Джайлс повернулся ко мне, и я, по-прежнему не поднимая головы, передал ему прошения.
И тут я уронил свою шляпу. Злополучное перо вылетело и вонзилось в землю. Исправить оплошность я не осмелился. Мне оставалось лишь беззвучно проклинать собственную неловкость. Меж тем Джайлс, разделив прошения надвое, вручил их пажам, а те поднесли их королю. Монарх едва коснулся бумаг рукой — холеной белой рукой, на каждом пальце которой сверкало кольцо с драгоценным камнем. В следующий миг к нему подошел чиновник и унес прошения.
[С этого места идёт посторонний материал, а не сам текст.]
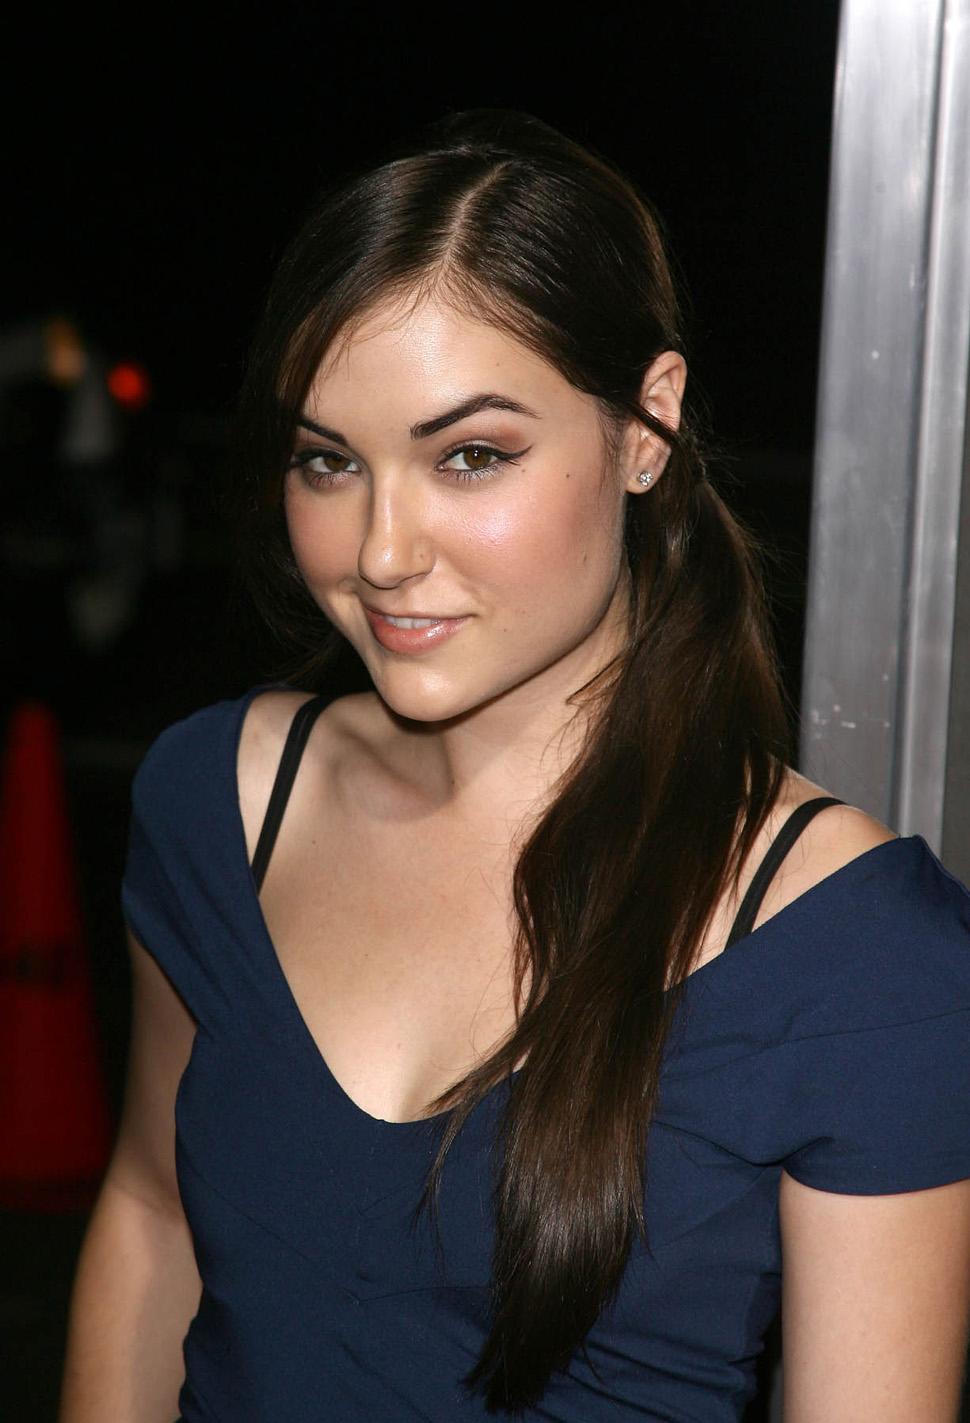 Sasha Gery Porn Star

До слуха моего донесся смех, и я с изумлением осознал, что это смеется король.
— Богом клянусь, сэр, вы на редкость представительный старикан, — обратился он к Джайлсу своим пронзительным голосом. — Что, на севере все такие рослые?
Не совладав с желанием взглянуть если не на лицо короля, то хотя бы на лицо Ренна, я осмелился чуть-чуть поднять голову. Старый законник, польщенный замечанием монарха, довольно улыбался.
— Я далеко не столь высок, как ваше величество, — произнес он. — Впрочем, никто из простых смертных не дерзнул бы сравниться с вами.
Король расхохотался вновь, раскатисто и искренне.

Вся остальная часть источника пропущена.